> What you should do: Return each line of the records holding the string "Metal".
======== Entries provided
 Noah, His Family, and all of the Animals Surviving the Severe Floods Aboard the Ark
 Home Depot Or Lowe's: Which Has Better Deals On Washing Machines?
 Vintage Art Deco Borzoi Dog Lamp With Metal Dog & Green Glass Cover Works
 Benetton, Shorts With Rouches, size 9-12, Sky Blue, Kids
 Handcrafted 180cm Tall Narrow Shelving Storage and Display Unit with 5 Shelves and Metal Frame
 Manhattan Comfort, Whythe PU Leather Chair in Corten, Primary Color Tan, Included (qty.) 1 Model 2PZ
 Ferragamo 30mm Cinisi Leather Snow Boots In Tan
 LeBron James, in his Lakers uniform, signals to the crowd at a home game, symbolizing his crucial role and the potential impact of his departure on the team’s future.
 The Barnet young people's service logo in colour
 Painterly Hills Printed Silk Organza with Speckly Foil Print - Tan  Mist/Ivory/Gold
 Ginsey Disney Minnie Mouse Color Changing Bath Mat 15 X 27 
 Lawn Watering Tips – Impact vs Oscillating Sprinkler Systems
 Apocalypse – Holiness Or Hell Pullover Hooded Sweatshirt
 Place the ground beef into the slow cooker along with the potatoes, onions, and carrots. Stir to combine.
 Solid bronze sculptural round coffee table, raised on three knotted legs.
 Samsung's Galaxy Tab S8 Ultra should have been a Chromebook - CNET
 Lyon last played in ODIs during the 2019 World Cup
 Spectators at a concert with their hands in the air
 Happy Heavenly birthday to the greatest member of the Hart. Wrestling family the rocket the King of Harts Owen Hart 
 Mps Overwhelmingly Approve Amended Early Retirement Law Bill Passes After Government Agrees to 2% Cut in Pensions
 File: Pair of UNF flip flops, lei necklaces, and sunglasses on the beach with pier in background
================
> Reply:
 Vintage Art Deco Borzoi Dog Lamp With Metal Dog & Green Glass Cover Works
 Handcrafted 180cm Tall Narrow Shelving Storage and Display Unit with 5 Shelves and Metal Frame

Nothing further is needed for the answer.